For all I:R gamers, I hope we can make this a collaborative thread that offers many suggestions when/if the Dev's were to ever sweep through and clean up some of the oddities for Game Start point issues. I'm going to be harsh toned in some of this - it's part of my way to make a point about poor choices in I:R game design/development, and if Paradox is open-minded if their employees read this, you could actually learn a thing or 2 about the way game design choices weren't done well for the way Game Starting conditions were set, and it's partly why I:R wasn't a hot seller for you upon release. I don't know for certain whether some of these were mistakes or purposeful, but here are some that I've caught as I scan the map to look at various spots to start a Vanilla/unmodded game:
- You don't start with Bactrian culture in Bactria, and instead it's Macedonian.

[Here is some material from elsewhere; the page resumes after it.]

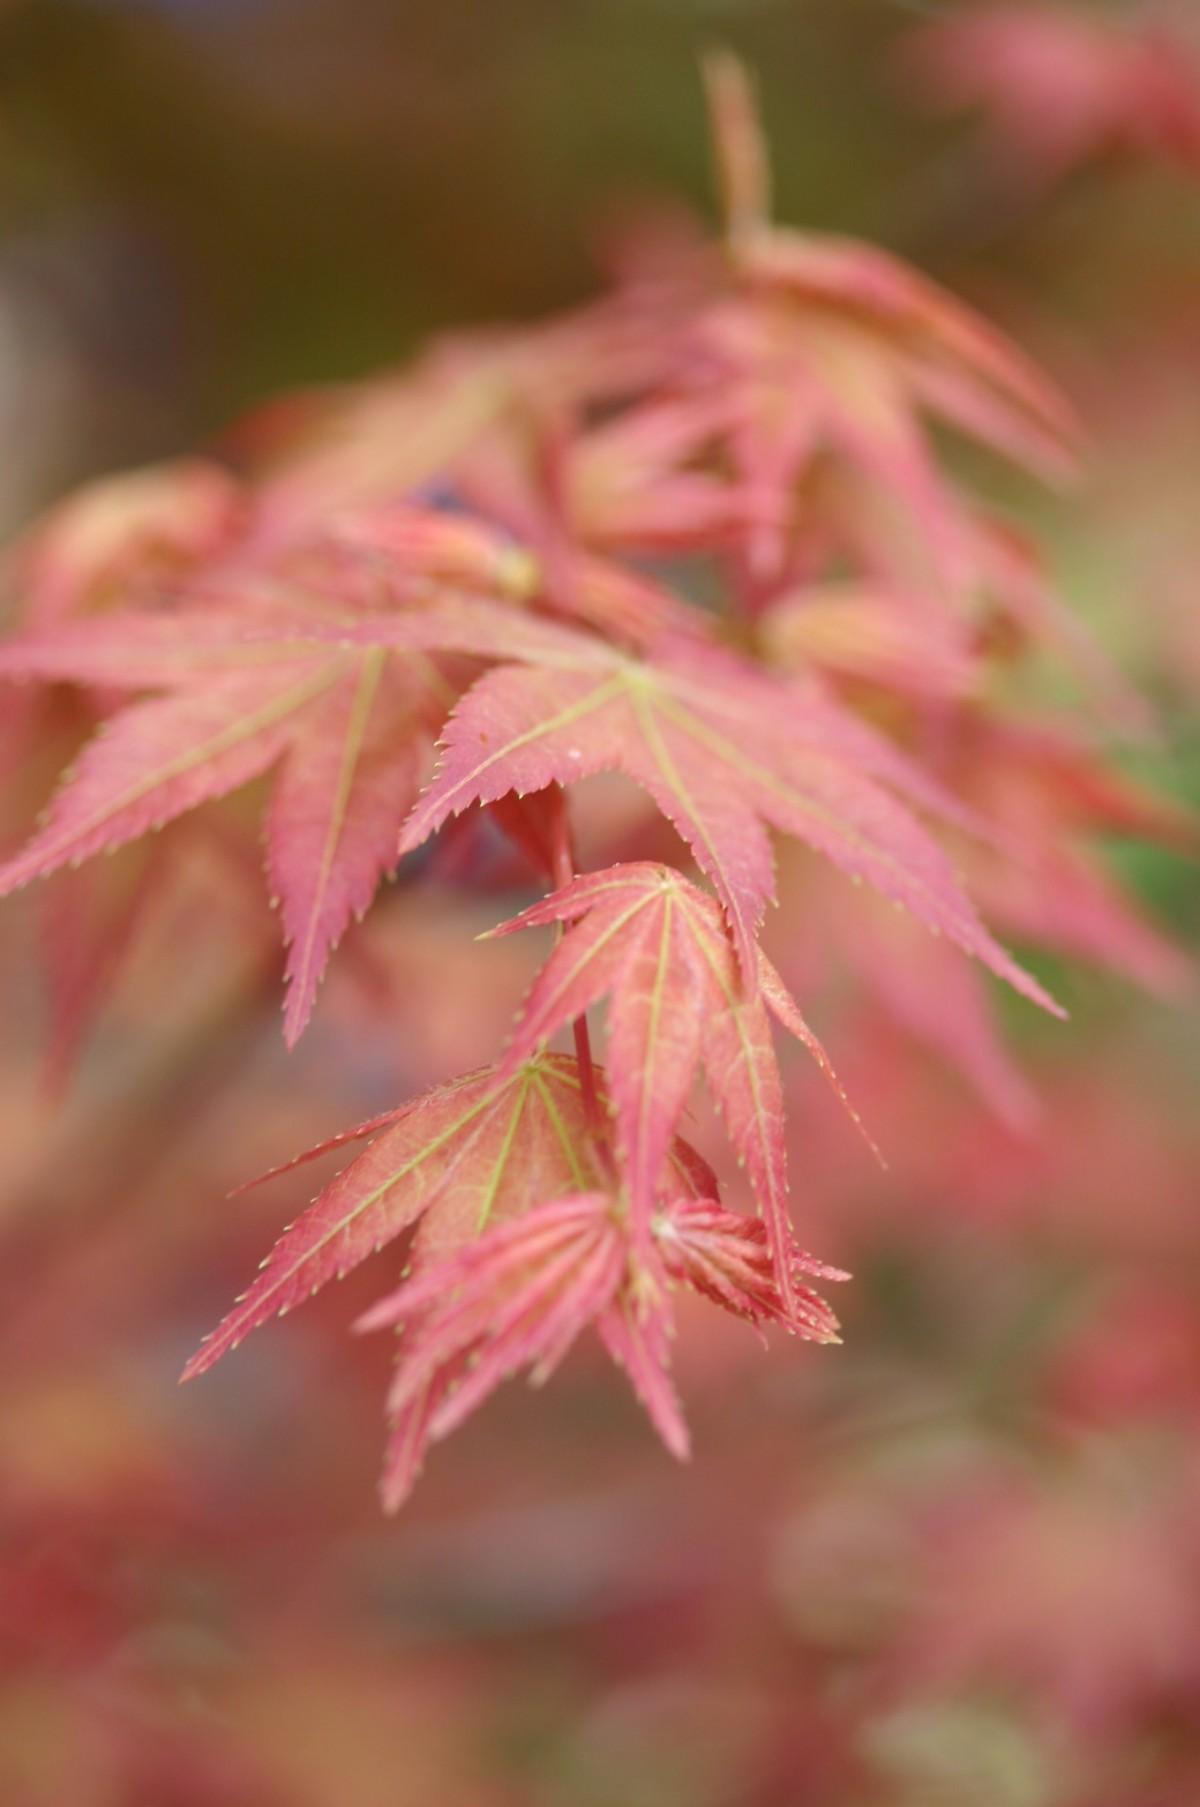 kostenlose foto baum ast bl hen sonnenlicht blatt blume bl tenblatt herbst rosa flora. Black Bedroom Furniture Sets. Home Design Ideas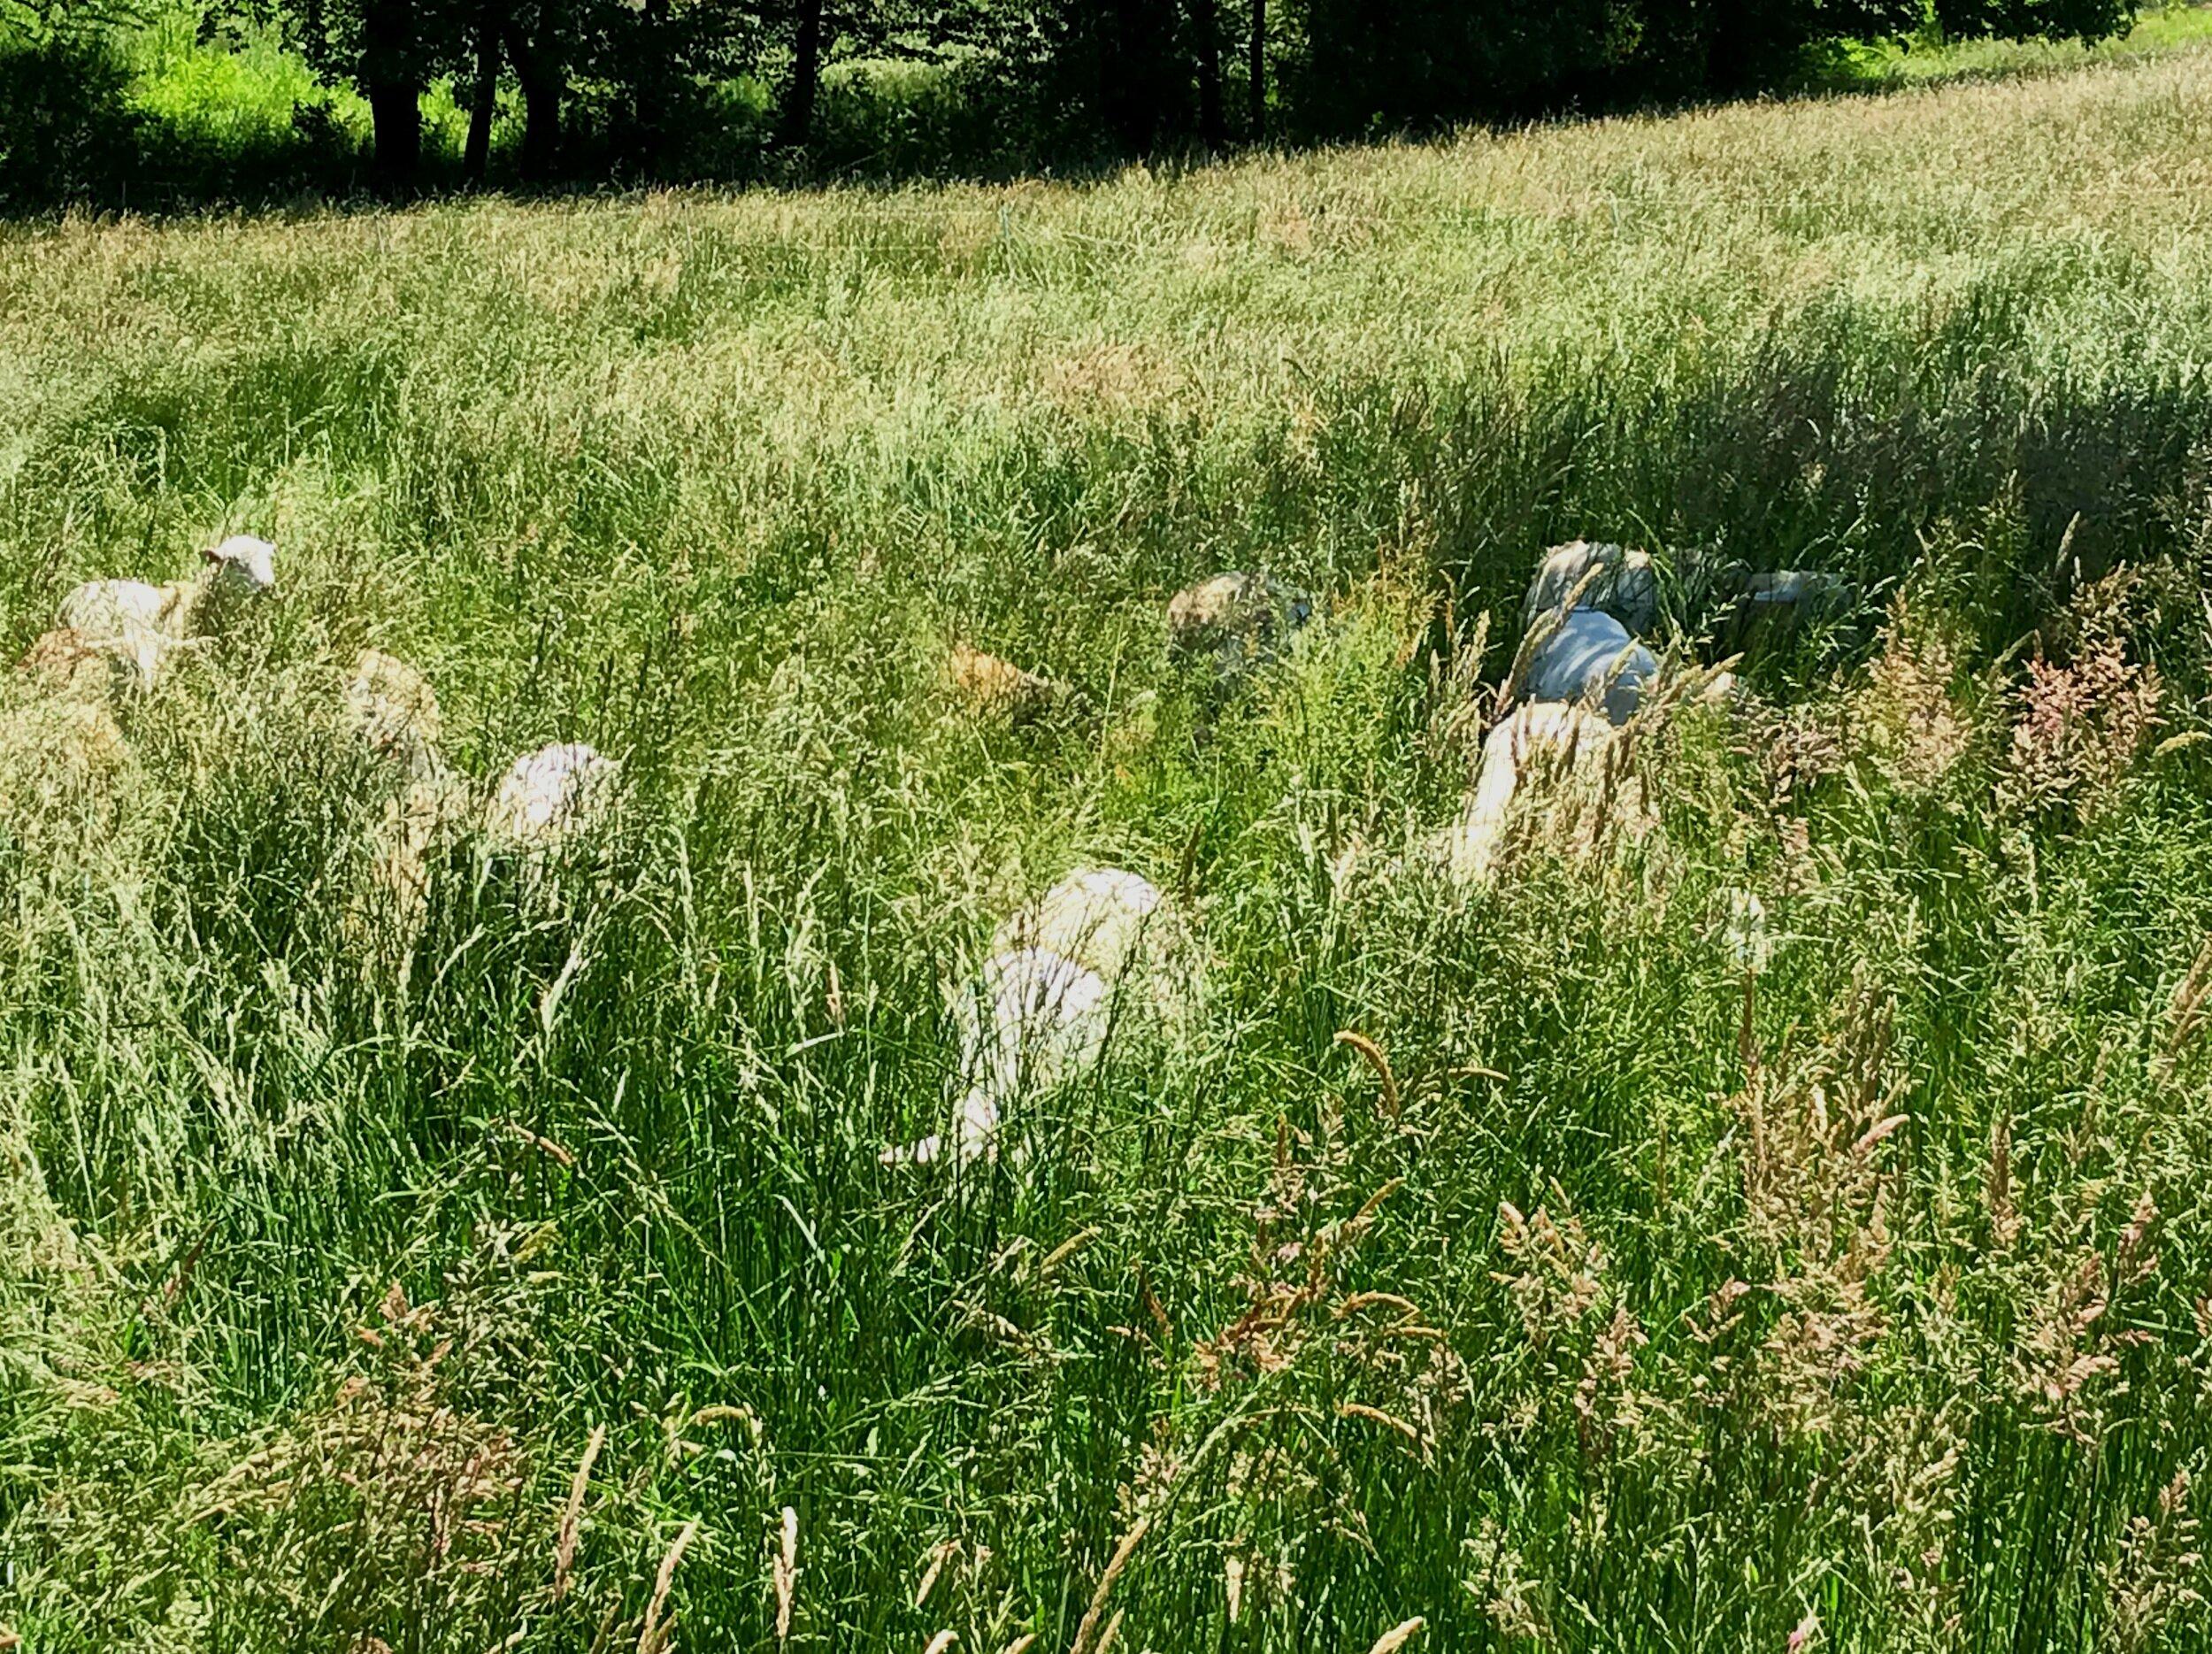 sheep+in+grass.jpg

But just North is Sogdia that is Bactrian culture, so you can't start with Bactria if you want a true play-through in Bactrian culture. Just seems really odd considering that they gave the game a Bactrian culture, so it's not left out, yet the nation named Bactria doesn't have it.
- Scythia is mistakenly given "Seafaring Heritage" when actual Scythians were experts at Mounted warfare and migratory over land (not sea). Perhaps the worst and most incorrect tag on the map. Give us a real Scythia to play with, please. You give Bospora their own heritage and yet nerf Scythia with an incorrect tag for heritage, leading to a complete mismatch in that region. If anything - make Scythia a Migratory tribe with some coded in incentive to get them migrating more than the average tribe on the map, and give them a heritage that buffs their migratory ways.
- Surprising that Armenian Heritage doesn't come with a buff for fortresses, and/or something for mountainous terrain. Look at Albania to the Northeast of Armenia to see that Montane Heritage looks like what you'd expect of Armenia.
- You gave a special Heritage to Icenia in England, but no other tribe (all others get generic heritage tags), and this ensures that Icenia always has a full-game advantage btw. Surprised you didn't pick a "chosen one" for Ireland also, perhaps, or other similar situations elsewhere.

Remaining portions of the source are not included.